- **Work instruction**
Print the lines in the listing below that fall between the line with "Revive Daily Ingredients Facts" and the line with "Little Rock, AR", those two lines included, exactly as they stand and with nothing else.

- **Data to process**
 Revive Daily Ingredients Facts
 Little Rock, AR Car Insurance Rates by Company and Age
==
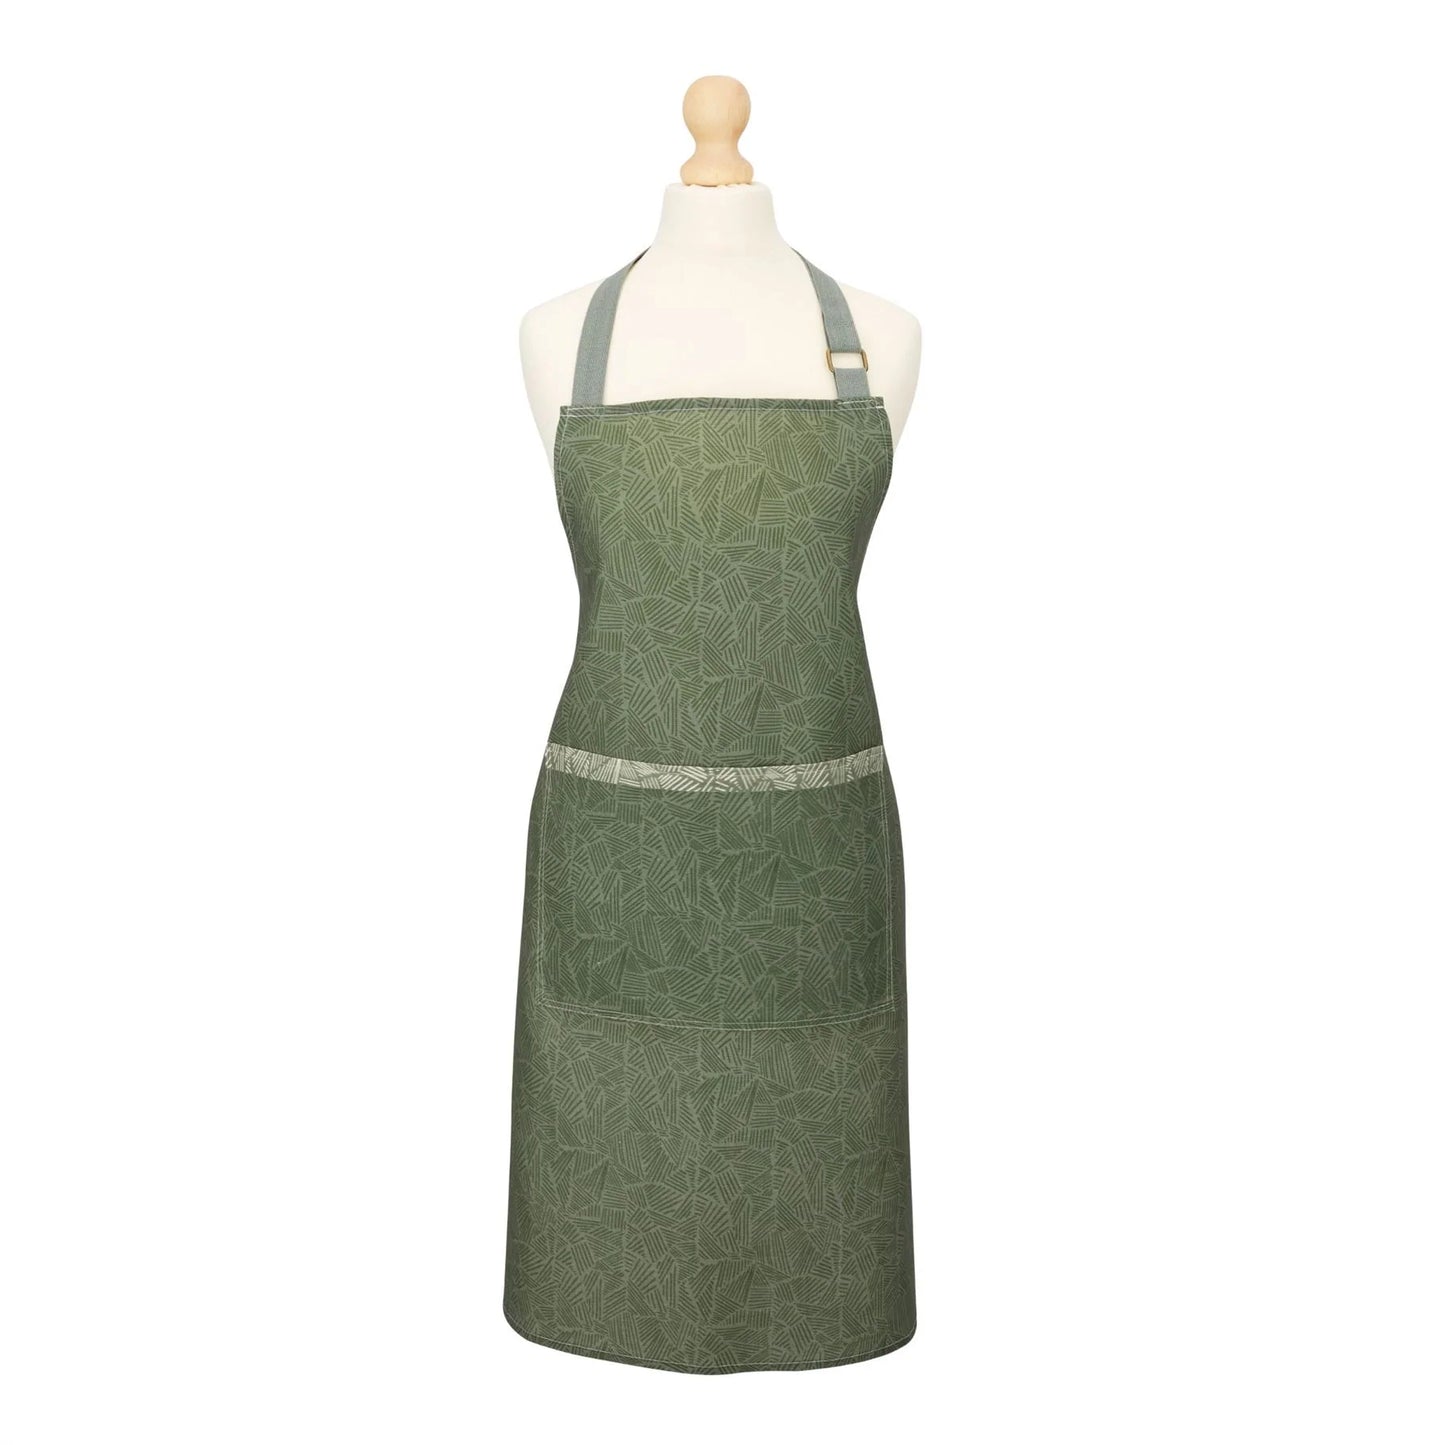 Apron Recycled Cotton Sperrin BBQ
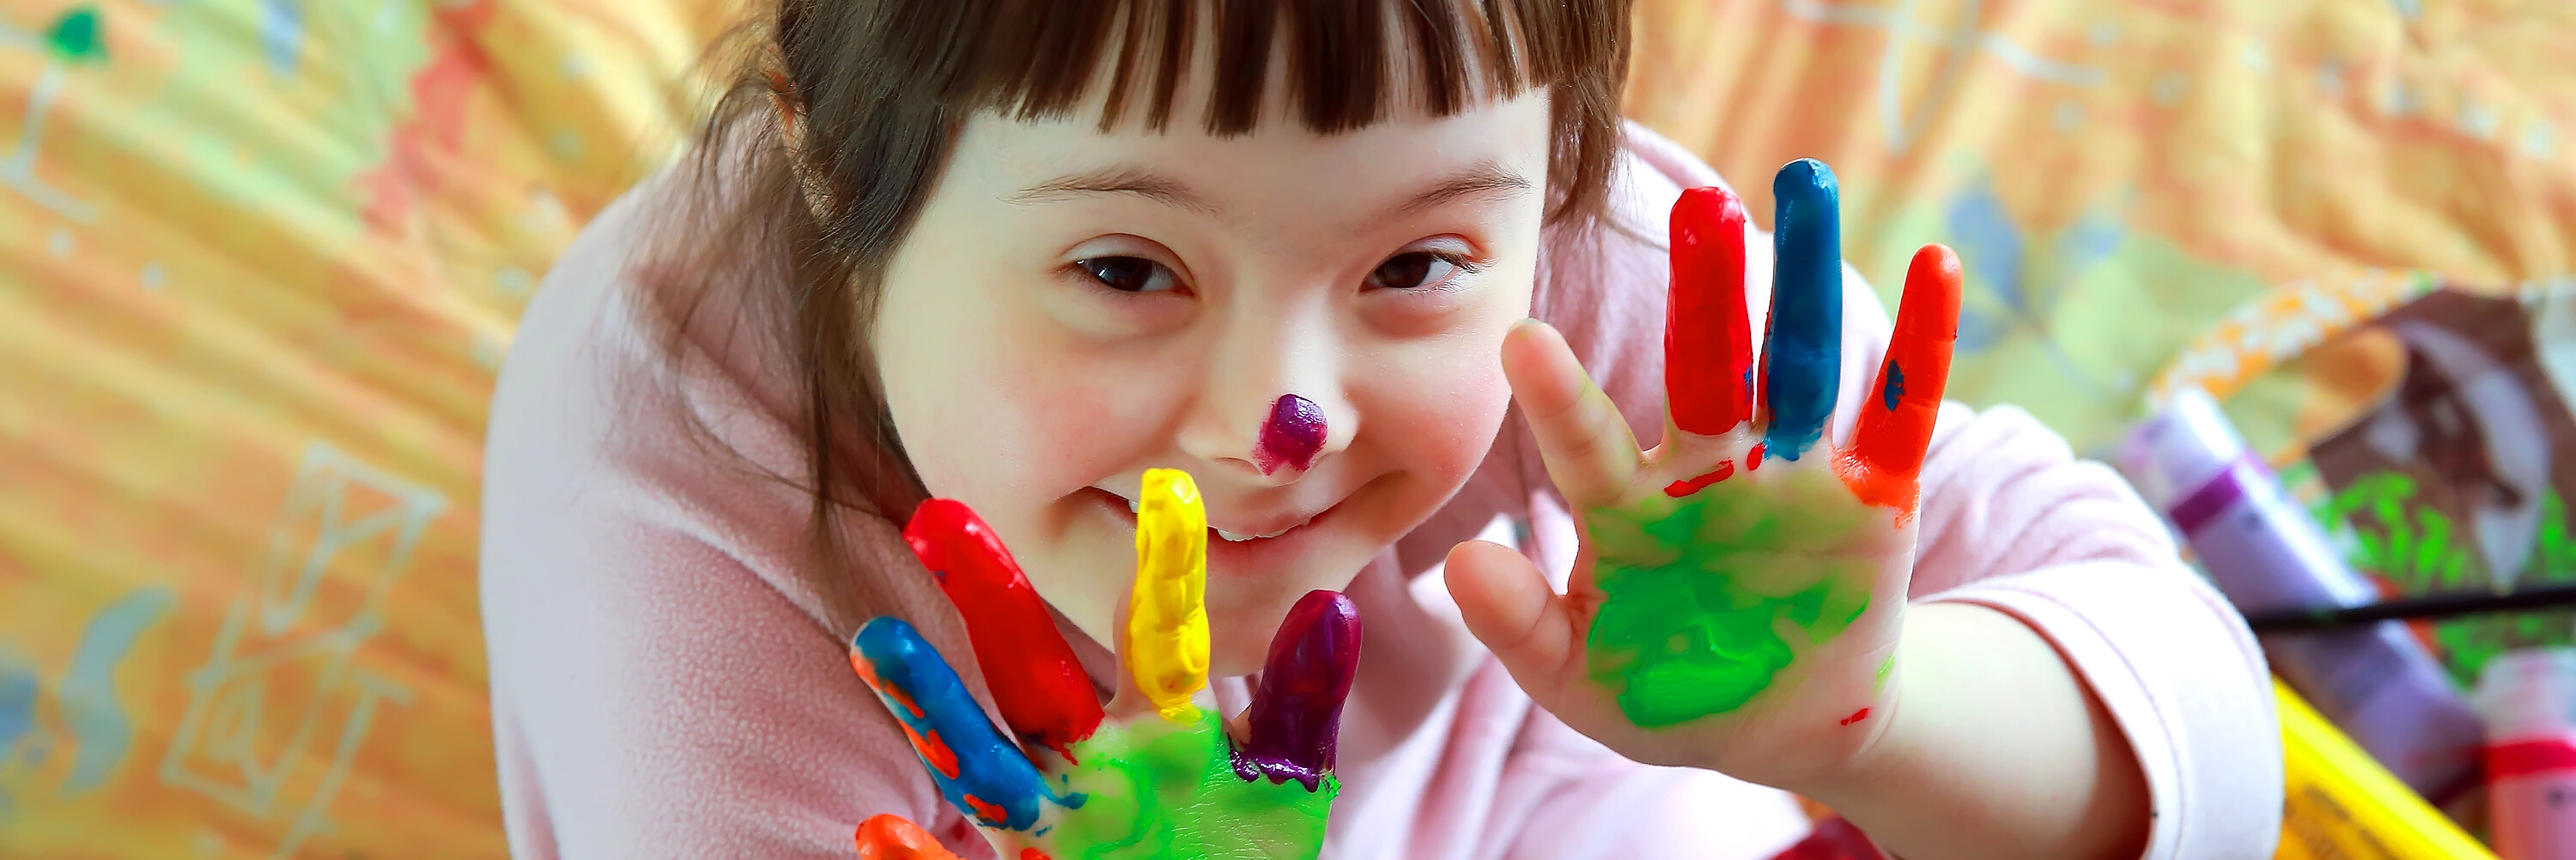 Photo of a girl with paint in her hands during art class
...
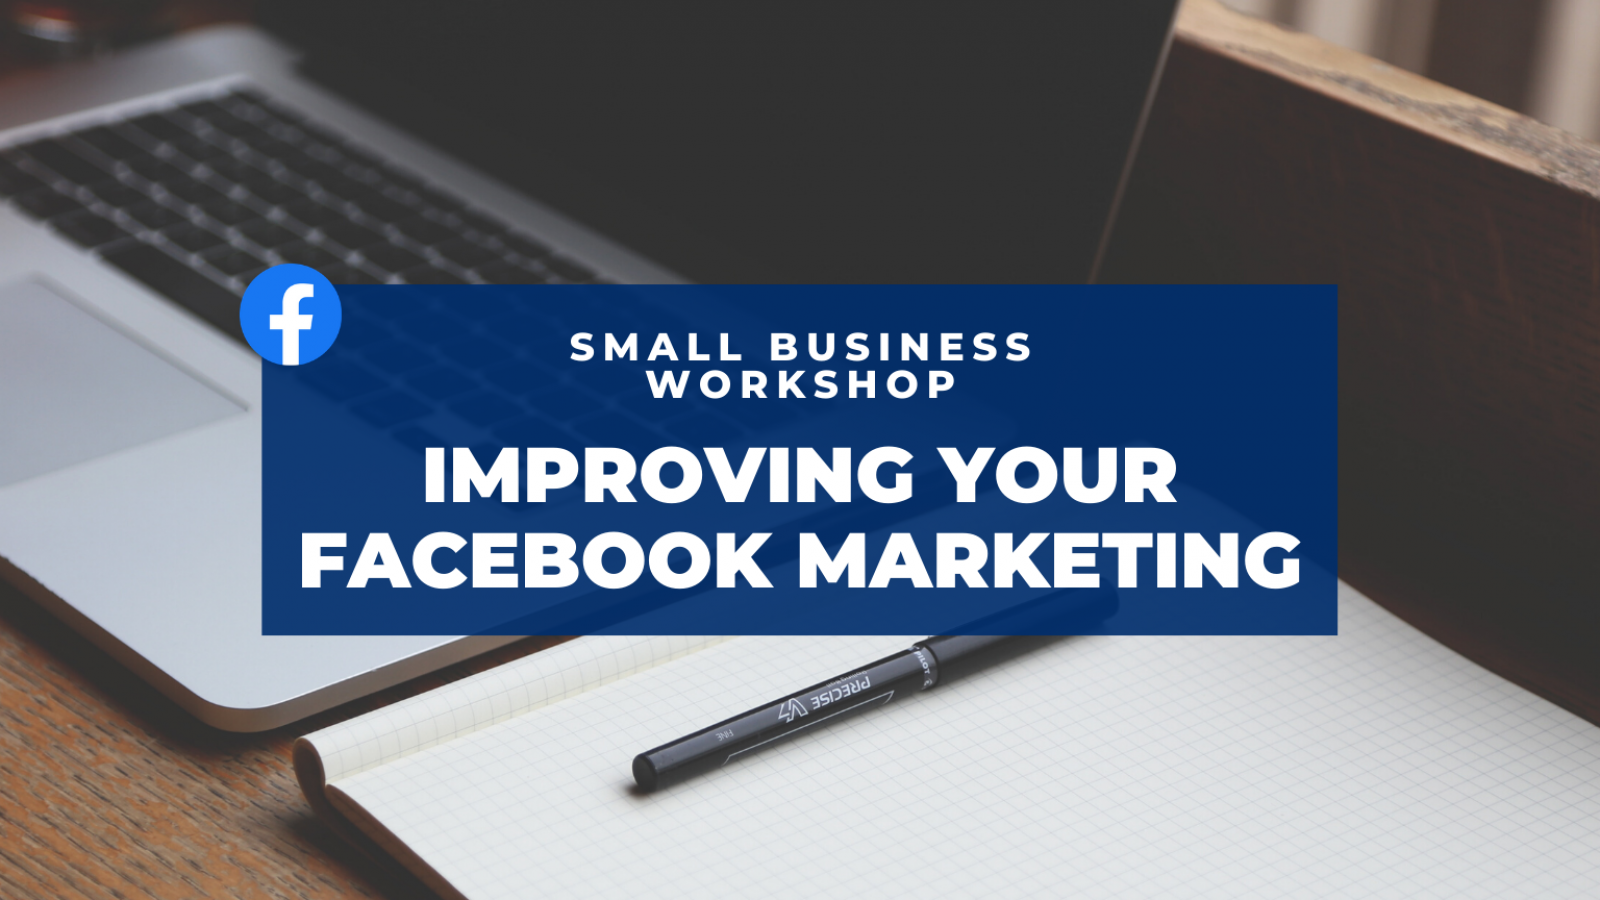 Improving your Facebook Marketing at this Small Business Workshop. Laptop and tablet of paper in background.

- **Output of the exercise**
 Revive Daily Ingredients Facts
 Little Rock, AR Car Insurance Rates by Company and Age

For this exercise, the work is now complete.